EU funds €6m to improve efficiency of batch processes

Posted on 26 Mar 2015 by Tim Brown

A consortium of European industrial companies, universities and research institutes have launched a €6m (£4.42m) project to test the use of sensors to improve efficiency of batch process production.

The RECOBA (Cross-sectorial REal time sensing, advanced COntrol and optimization of BAtch processes, saving energy and raw materials) project is being funded for its three-year term by the European Union.

The aim of the project is to optimise the efficiency and flexibility of different kinds of batch processes. The initial study will focus on the production of emulsion polymers, steel and silicon.

Using new sensor technologies, process models and automation tools, it is hoped that the findings will help improve the competitiveness of a significant portion of the European batch process industry.

Under the project coordination of BASF, the RECOBA partners include: ThyssenKrupp Steel Europe AG, Germany; ELKEM AS Technology, Norway; University of Cambridge, United Kingdom; RWTH Aachen University, Germany; University of Chemistry and Technology Prague, Czech Republic; the University of the Basque Country, Spain; VDEh-Betriebsforschungsinstitut GmbH, Germany; Cybernetica AS, Norway; and Minkon Sp. z o.o., Poland.

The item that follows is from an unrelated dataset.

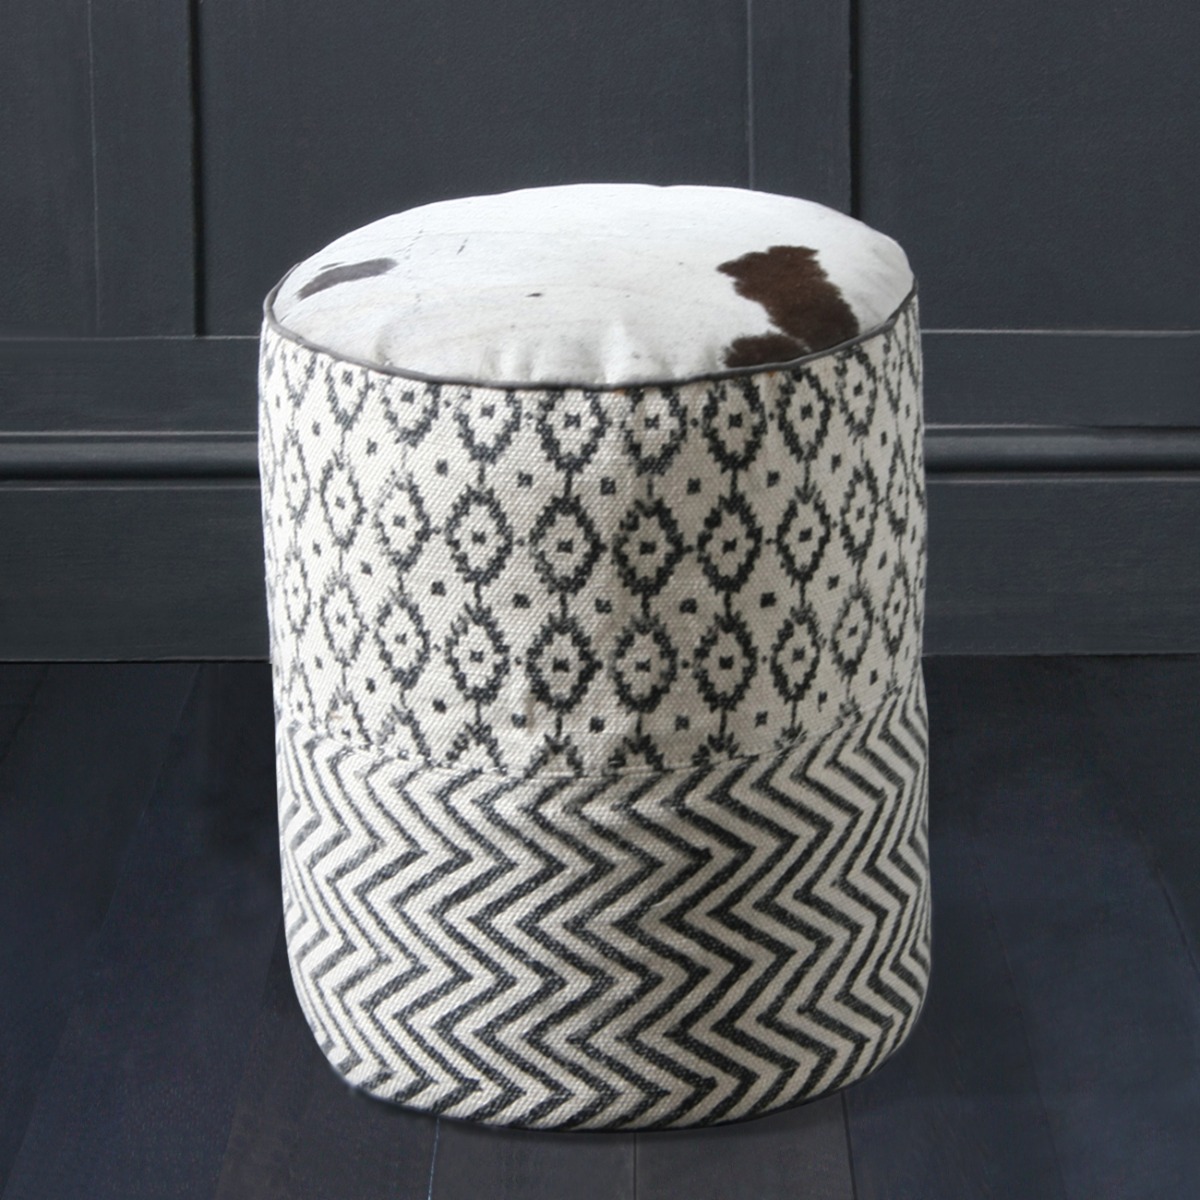 Hygge is all about comfort, something our Round Pouffe knows all too well!

This group will focus on three different material systems to demonstrate the cross-sectorial applicability of developed sensors, optimisation and control methods, with the goal of optimising product quality, energy consumption, raw materials utilization and production costs of the considered processes.

As part of its contribution to the RECOBA project, BASF (basf.com) will focus on the online Model Predictive Control of an emulsion co-polymerization process.

“Our goal is to replace the current process control, which is based on repetition at a fixed schedule, by the model-based online process control,” said Dr. Libor Seda, BASF project lead.

Under this new approach, the controller acts based on the current state of the production process. Thereby the control mechanism adjusts the process control variables in real time in order to follow the optimal process trajectory, leading to the desired product properties.

Product properties to be controlled in the emulsion polymerization case include, for example, solid content, copolymer composition and morphology of polymer latex particles.

“The advantage of such model-based process control is the ability to produce a product within narrow quality specification limits, and at the same time, to achieve maximal efficiency in energy and cycle / batch production time because the process control follows the optimal process trajectory at each time,” explained Seda.

Thus, there is a significant potential to increase reactor productivity while also saving energy input for heating and cooling of the reactor.